→ **TASK PROMPT**
Output the listing word for word, minus images.

→ **COLLECTED DATA**
• • • • •
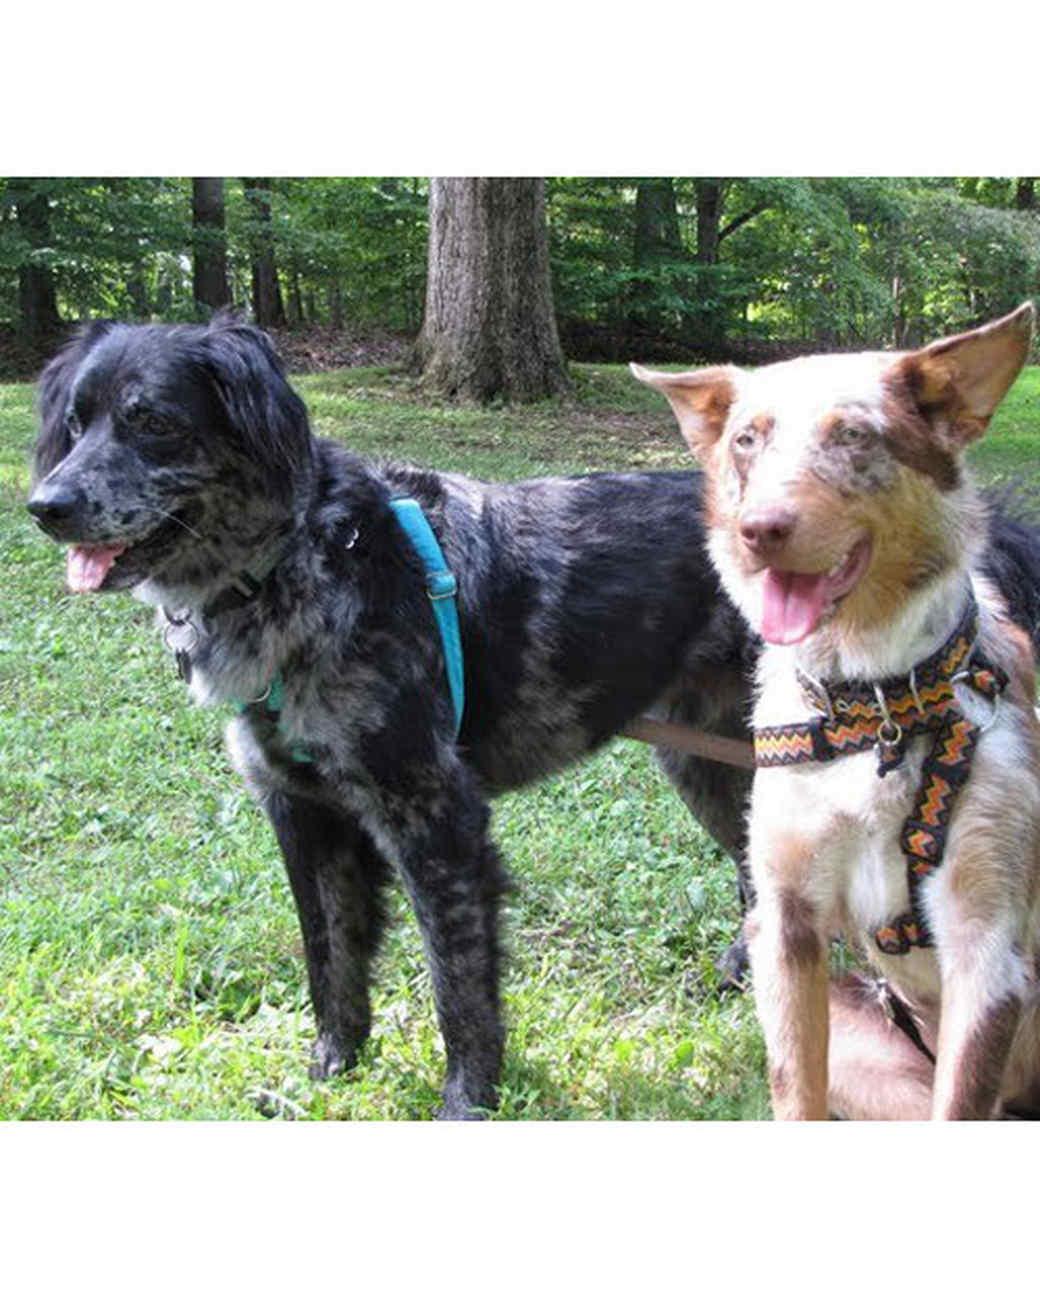 pets_adoption_6718620_18304484.jpg
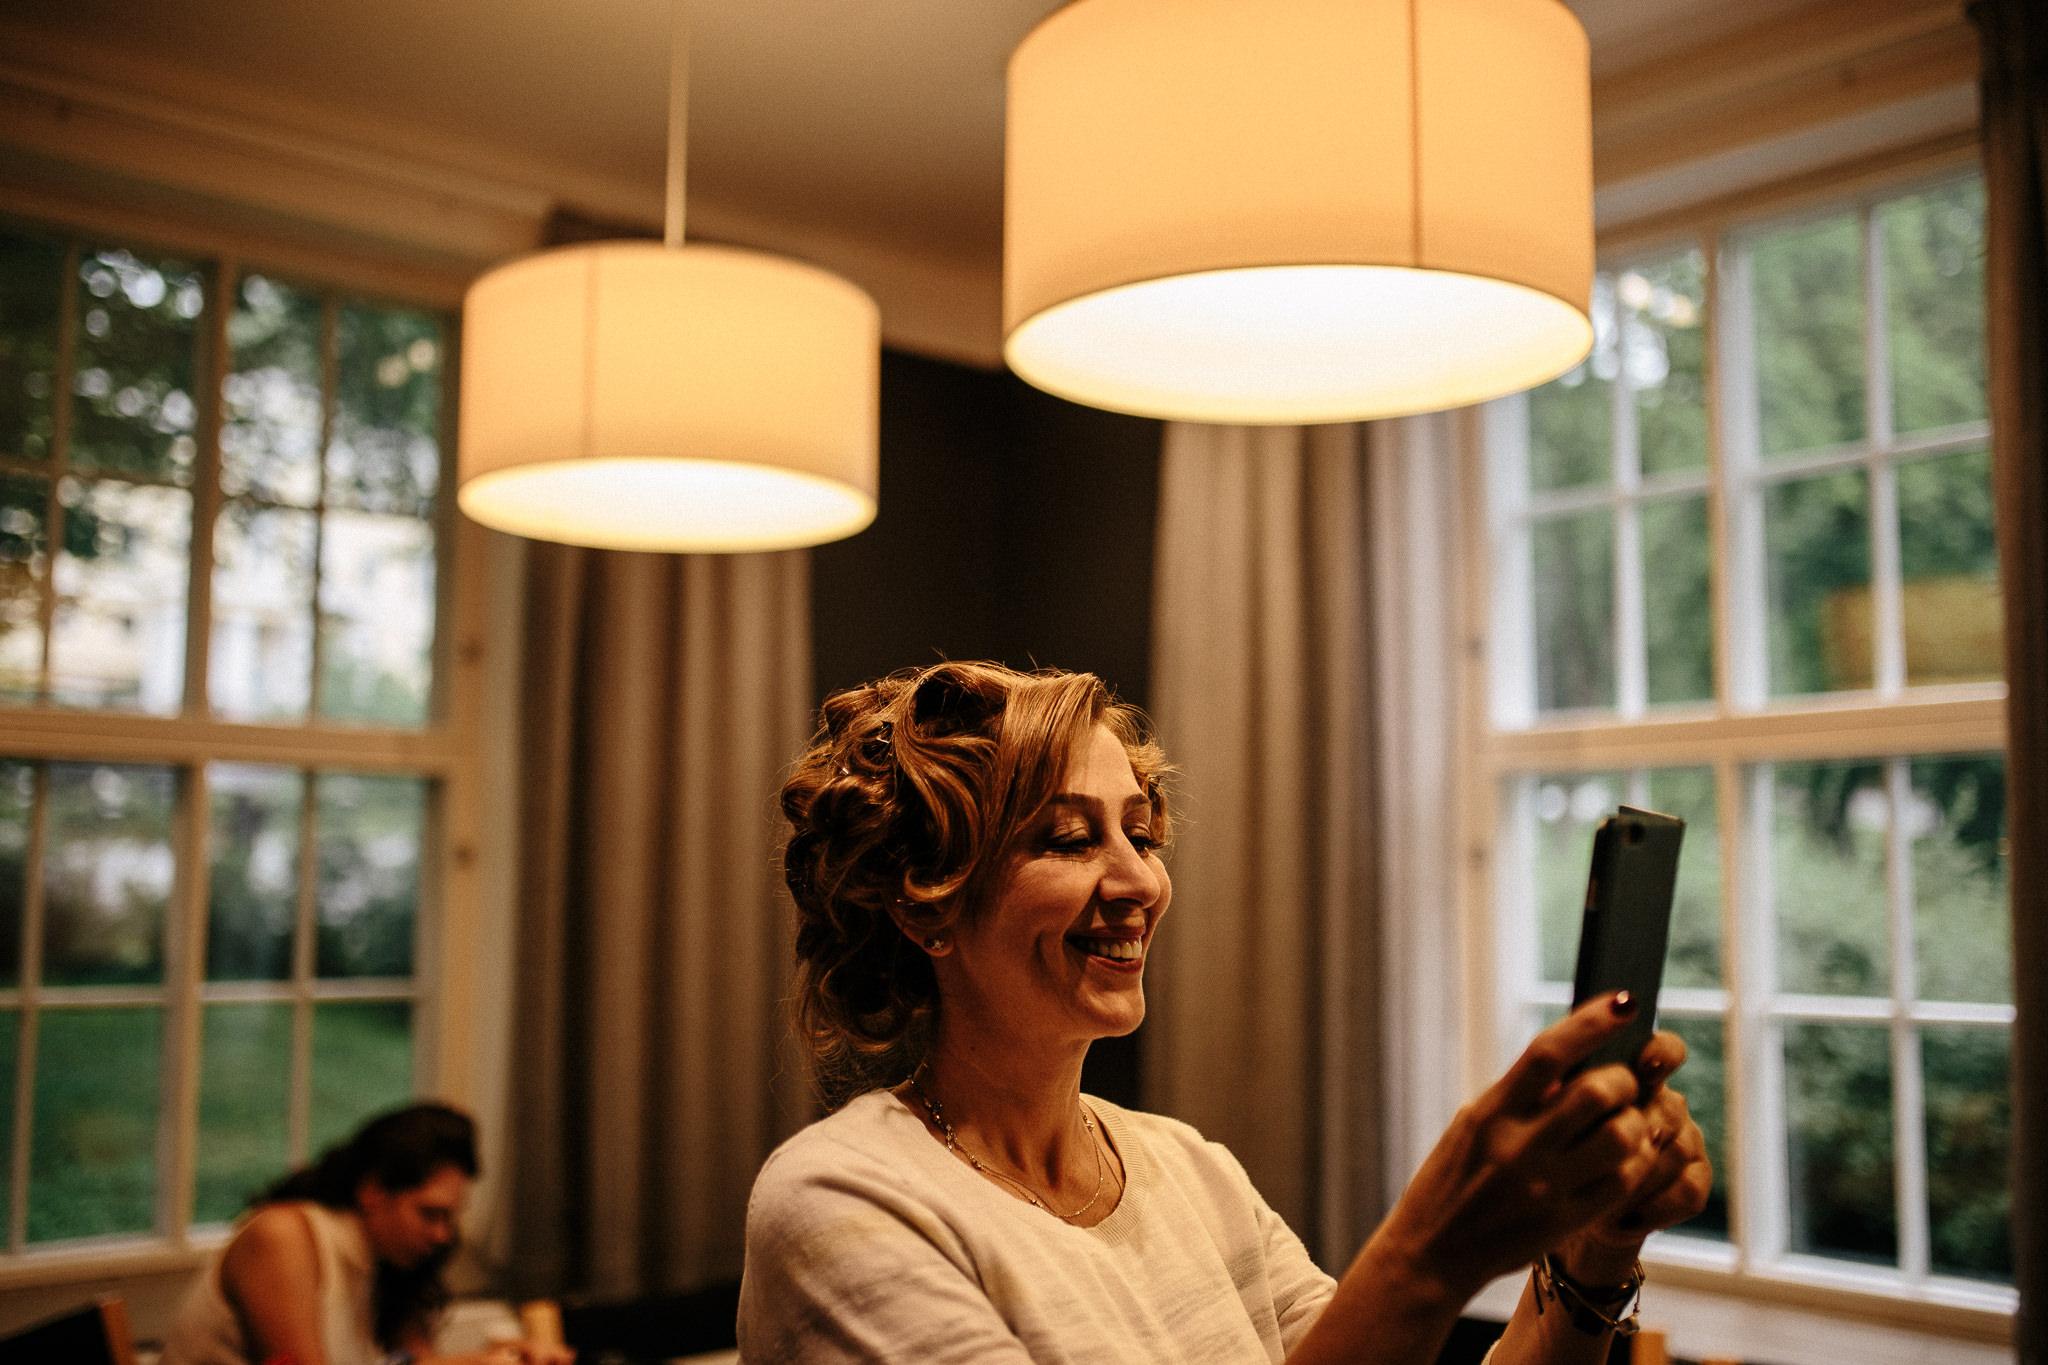 Ceren & Jani - Finland Wedding Photographer - Weddings by Qay - Wedding Photographer (22 of 166).jpg
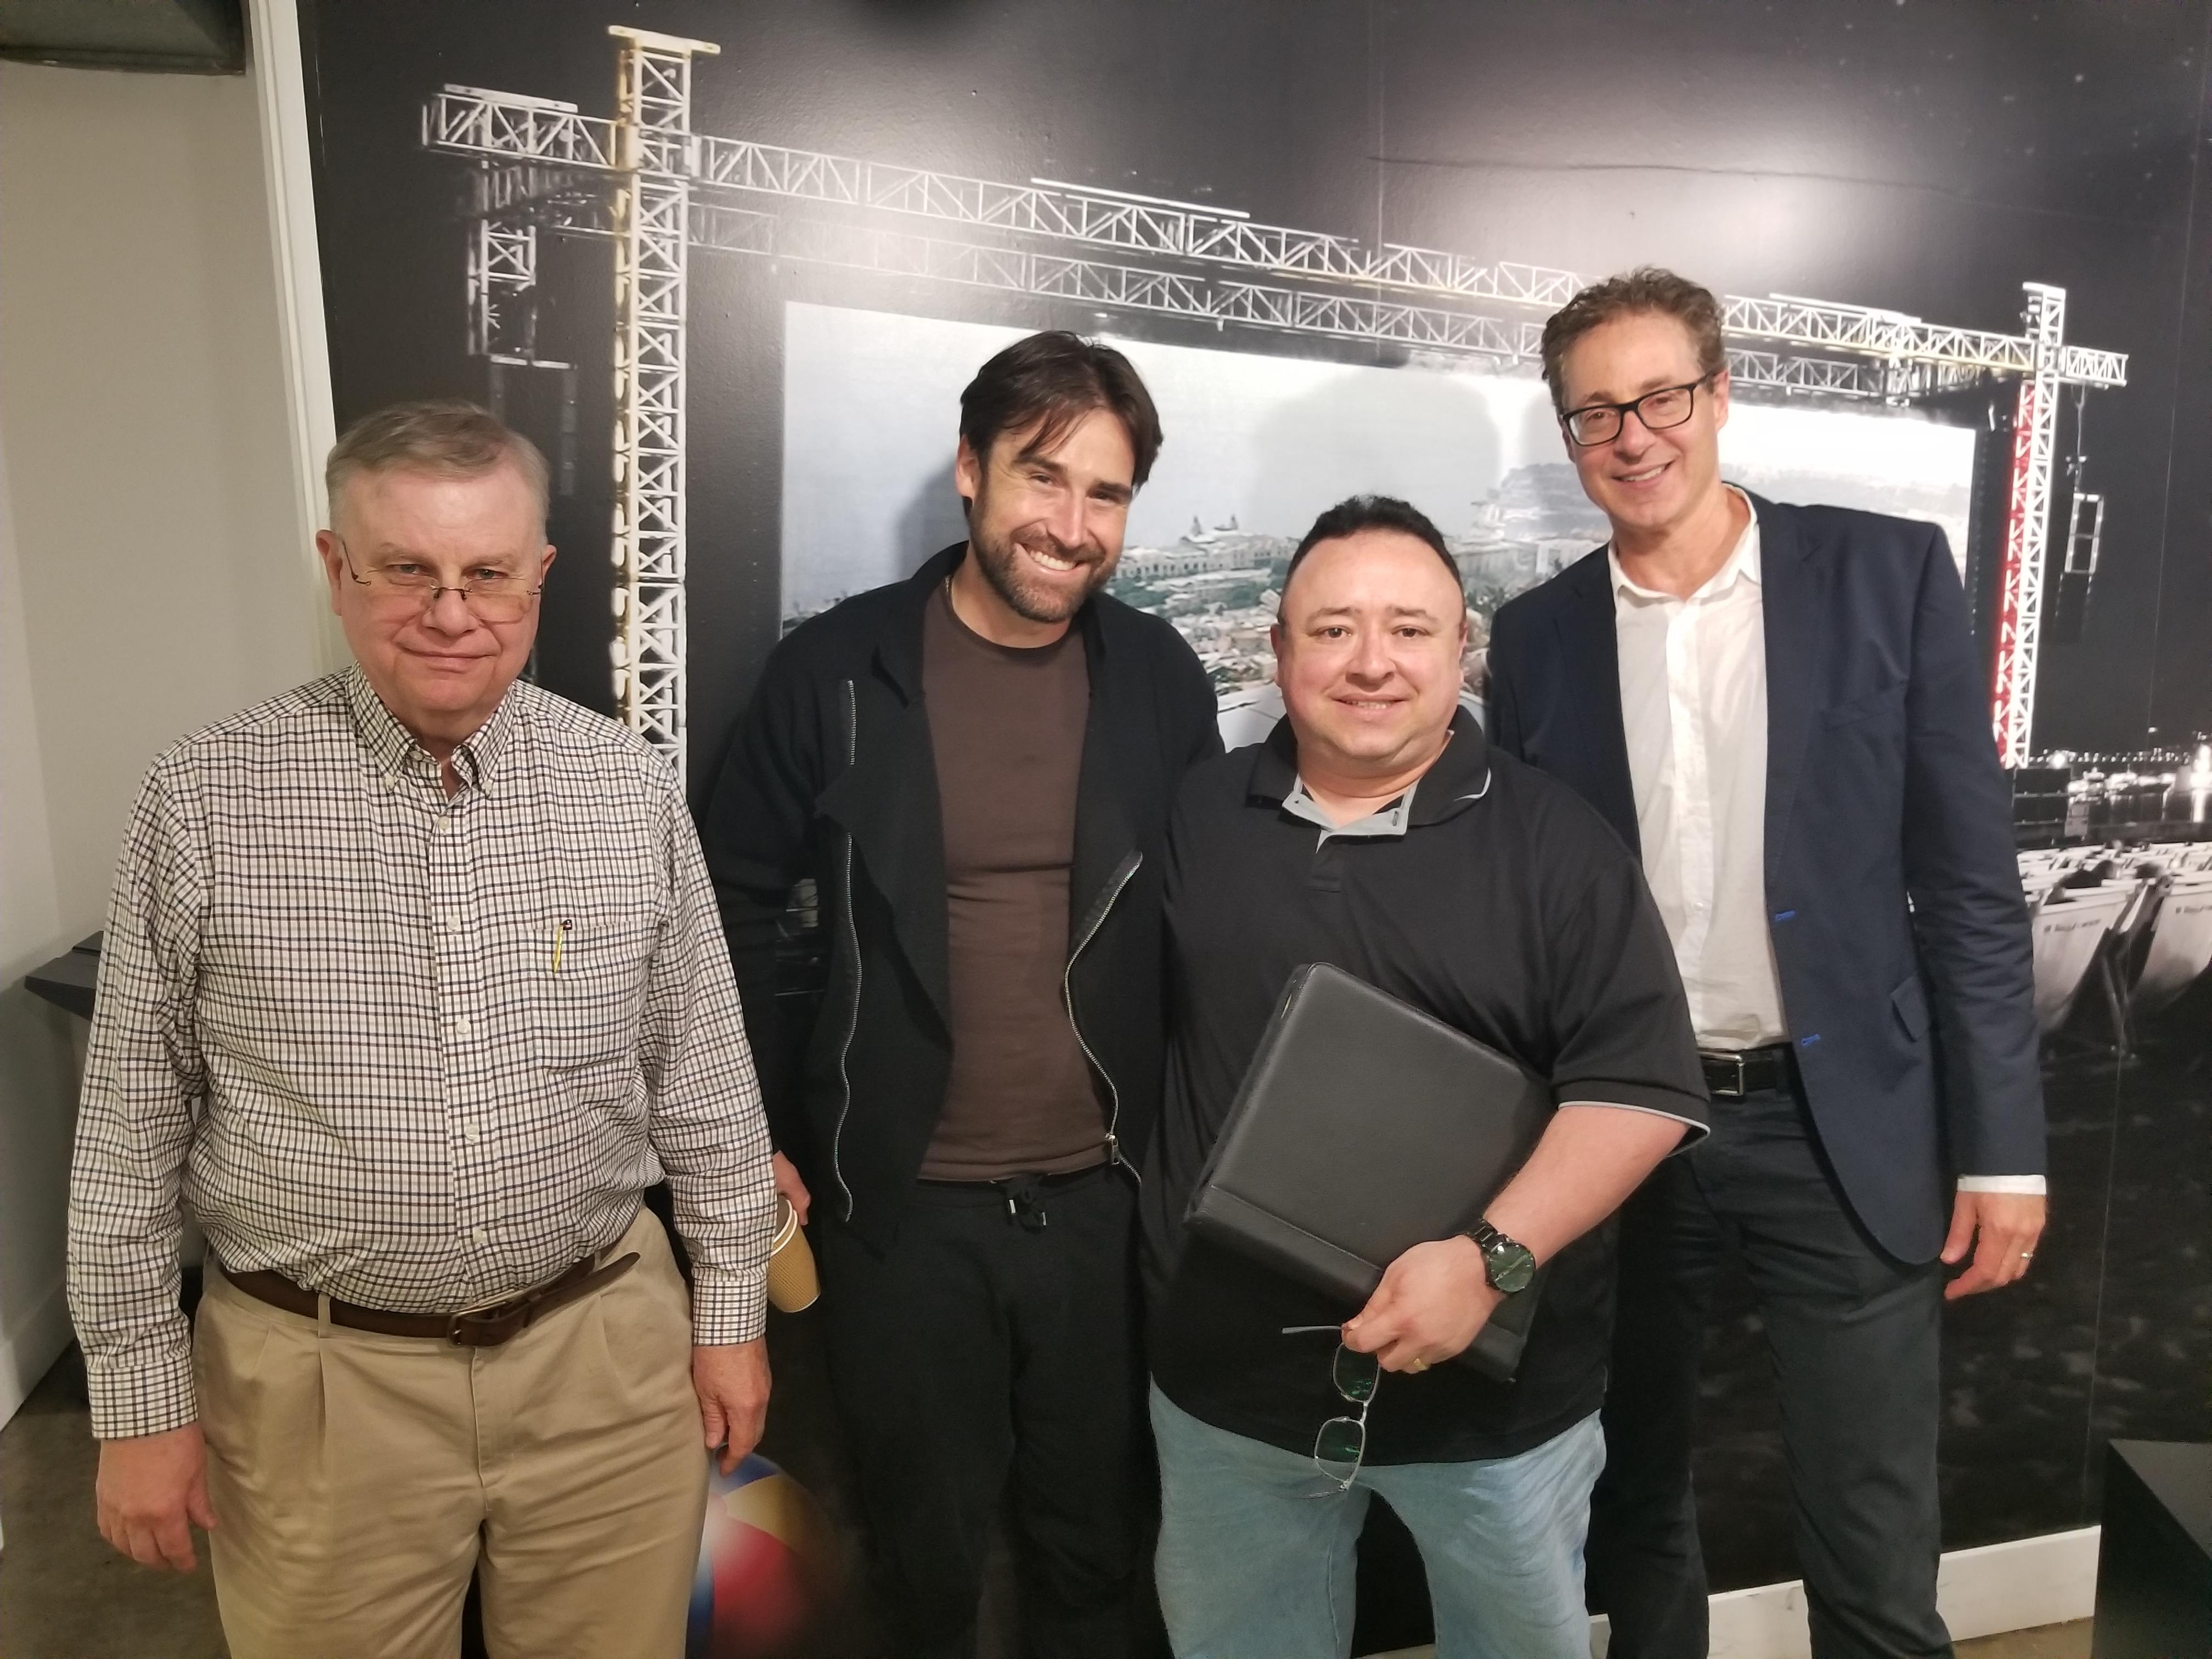 Whitley Strieber, Sean Stone, Gabe, Morris Ruksin.
• • • • •
→ **ANSWER FOR THE TASK**
 pets_adoption_6718620_18304484.jpg
 Ceren & Jani - Finland Wedding Photographer - Weddings by Qay - Wedding Photographer (22 of 166).jpg
 Whitley Strieber, Sean Stone, Gabe, Morris Ruksin.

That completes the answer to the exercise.